- How to complete this task:
Please repeat only the lines below starting at the line that holds "Watters Irina Wedding Dress" and ending at the line that holds "animal, underwater, sea, animal", exactly, with both of those lines included and every picture omitted.

- Records for this exercise:
»»

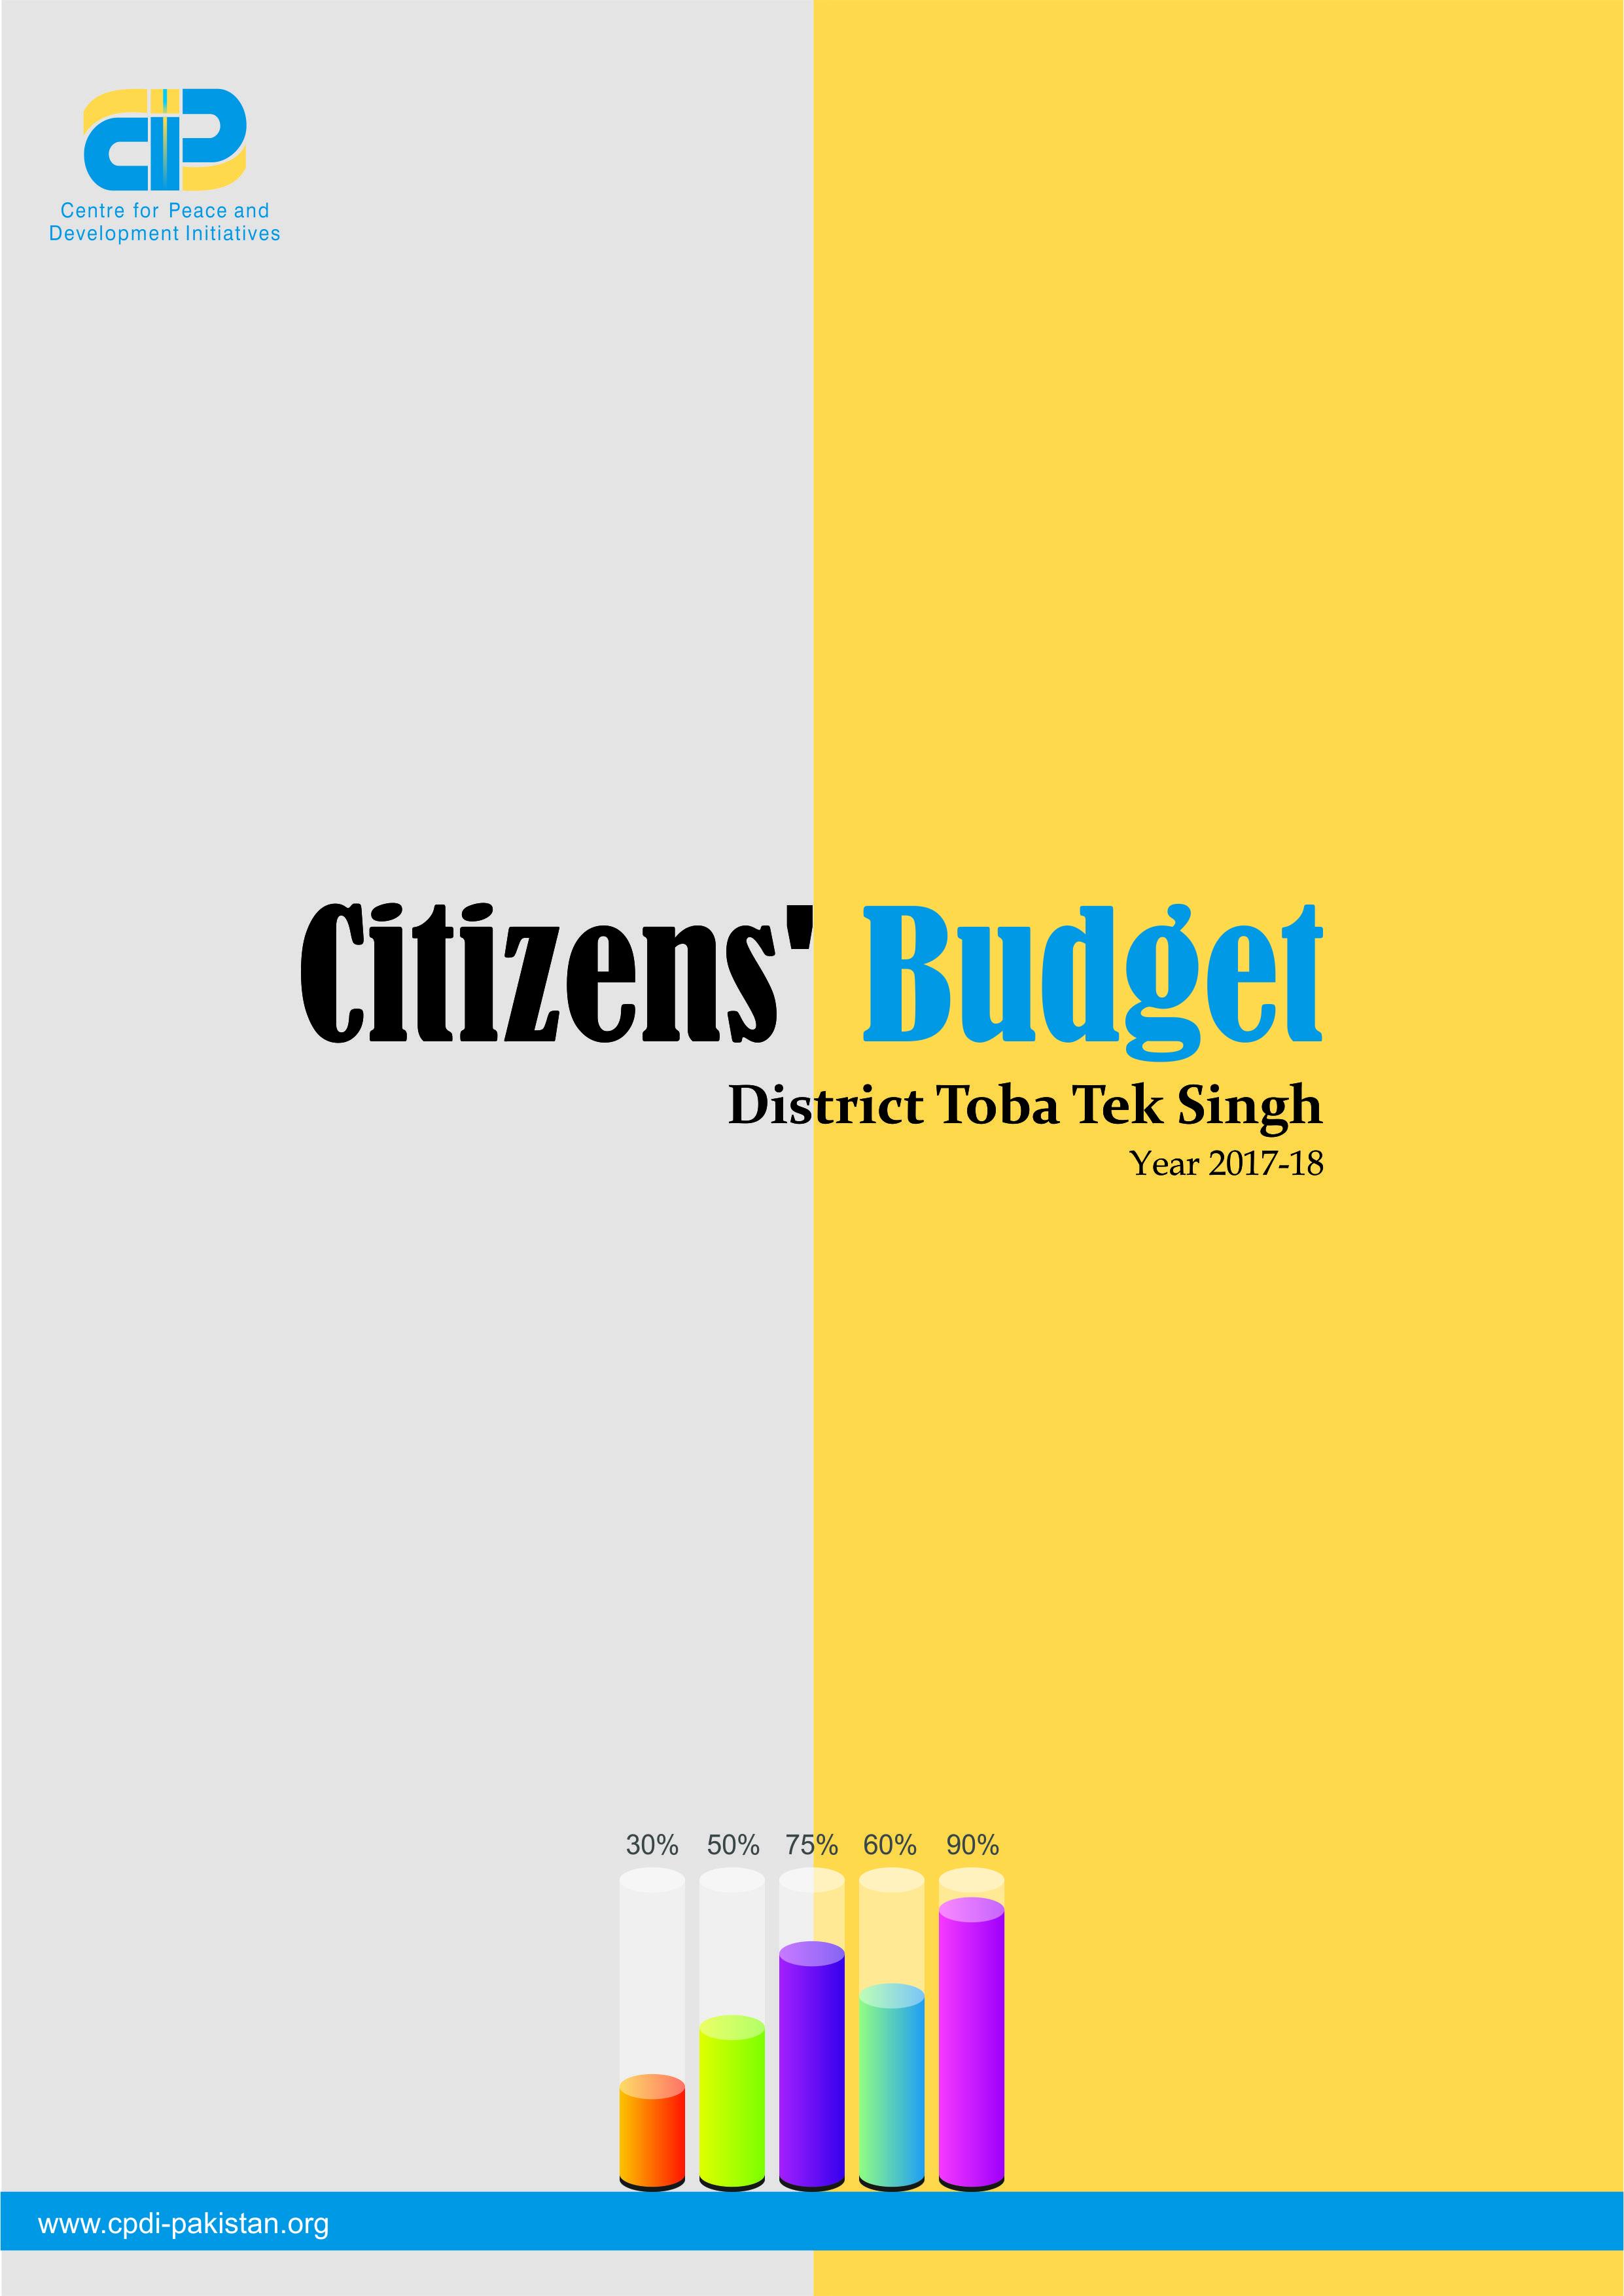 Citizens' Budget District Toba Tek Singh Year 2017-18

««
»»

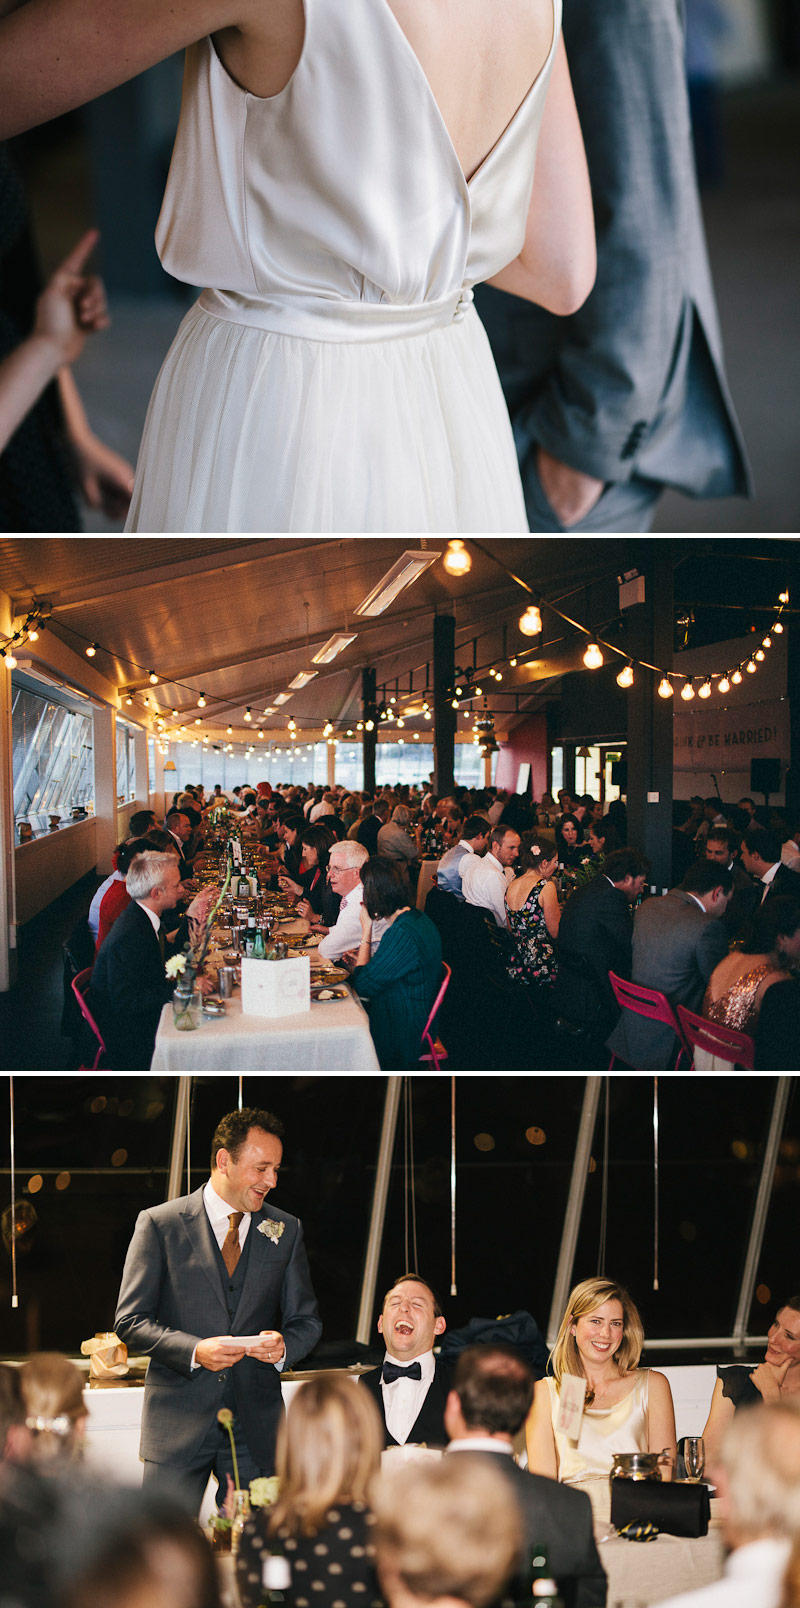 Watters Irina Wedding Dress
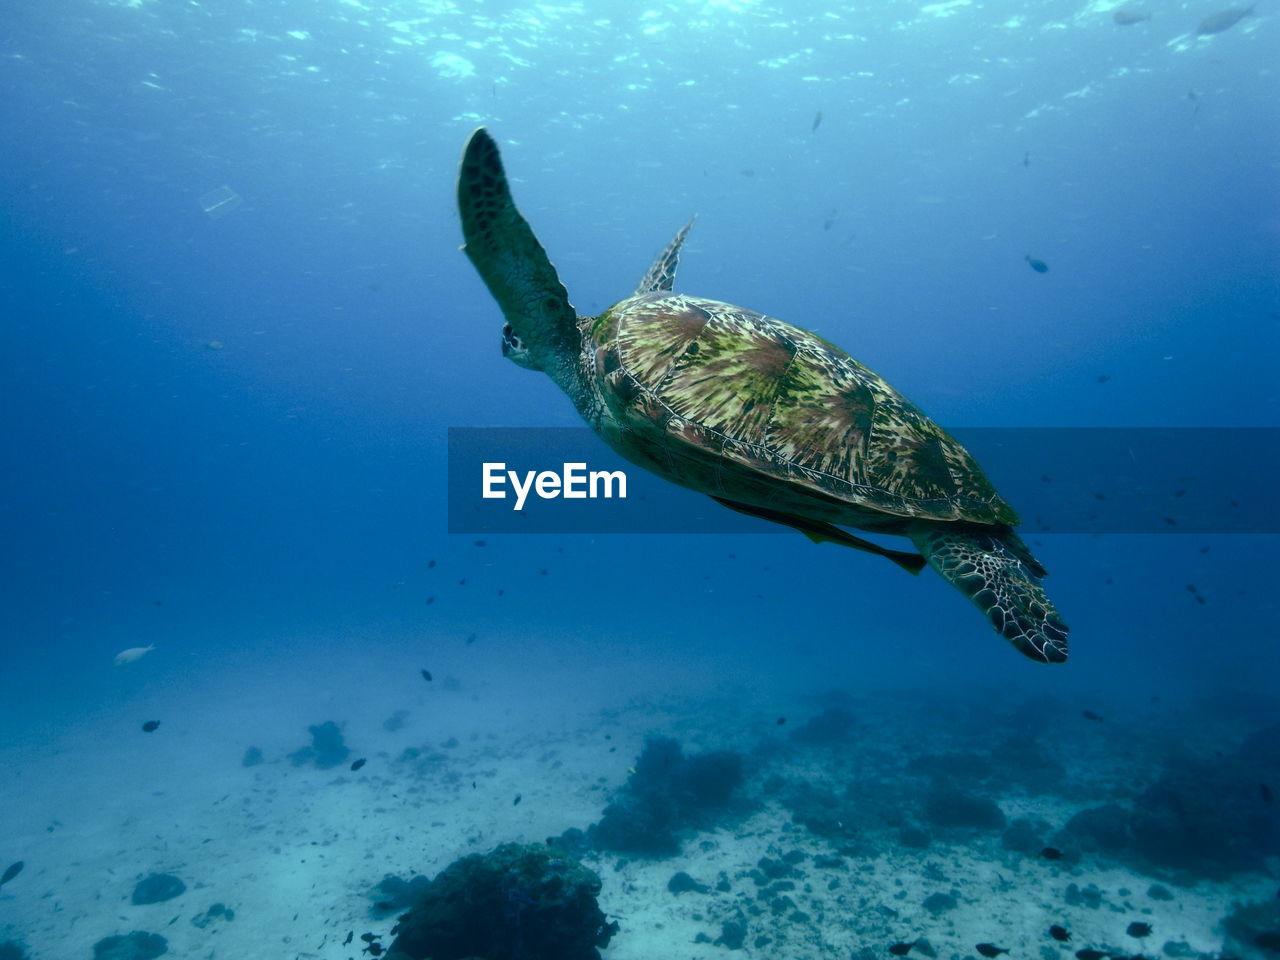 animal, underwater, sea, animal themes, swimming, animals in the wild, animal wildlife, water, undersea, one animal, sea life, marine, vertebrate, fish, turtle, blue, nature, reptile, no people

««
»»

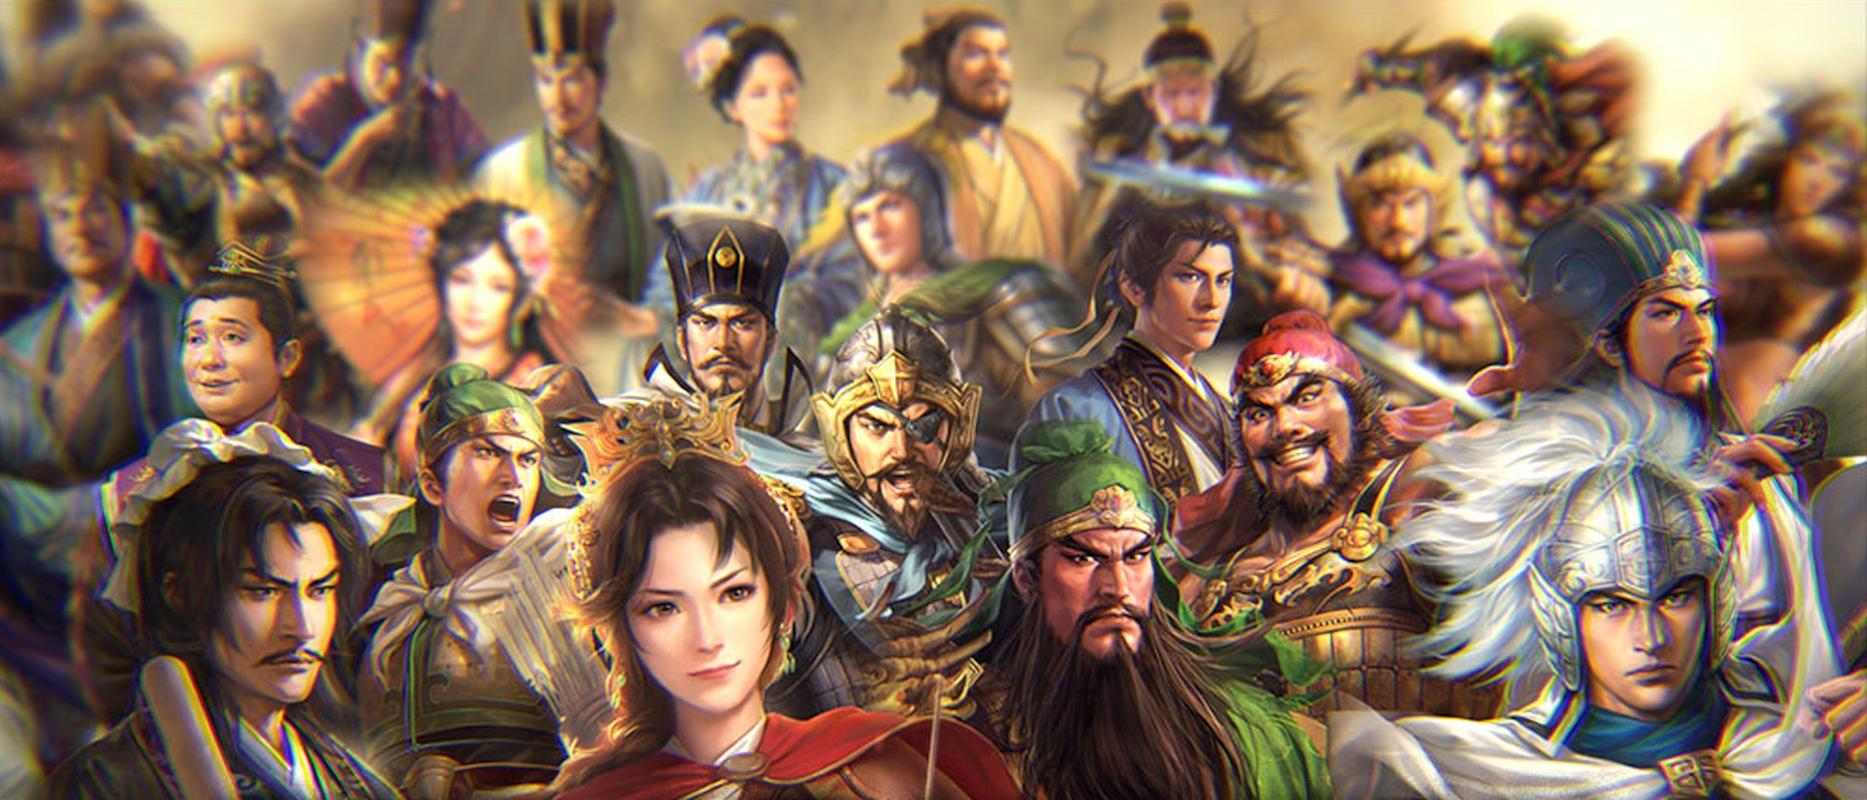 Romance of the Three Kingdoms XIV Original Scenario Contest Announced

««

- Answer for this exercise:
 Watters Irina Wedding Dress
 animal, underwater, sea, animal themes, swimming, animals in the wild, animal wildlife, water, undersea, one animal, sea life, marine, vertebrate, fish, turtle, blue, nature, reptile, no people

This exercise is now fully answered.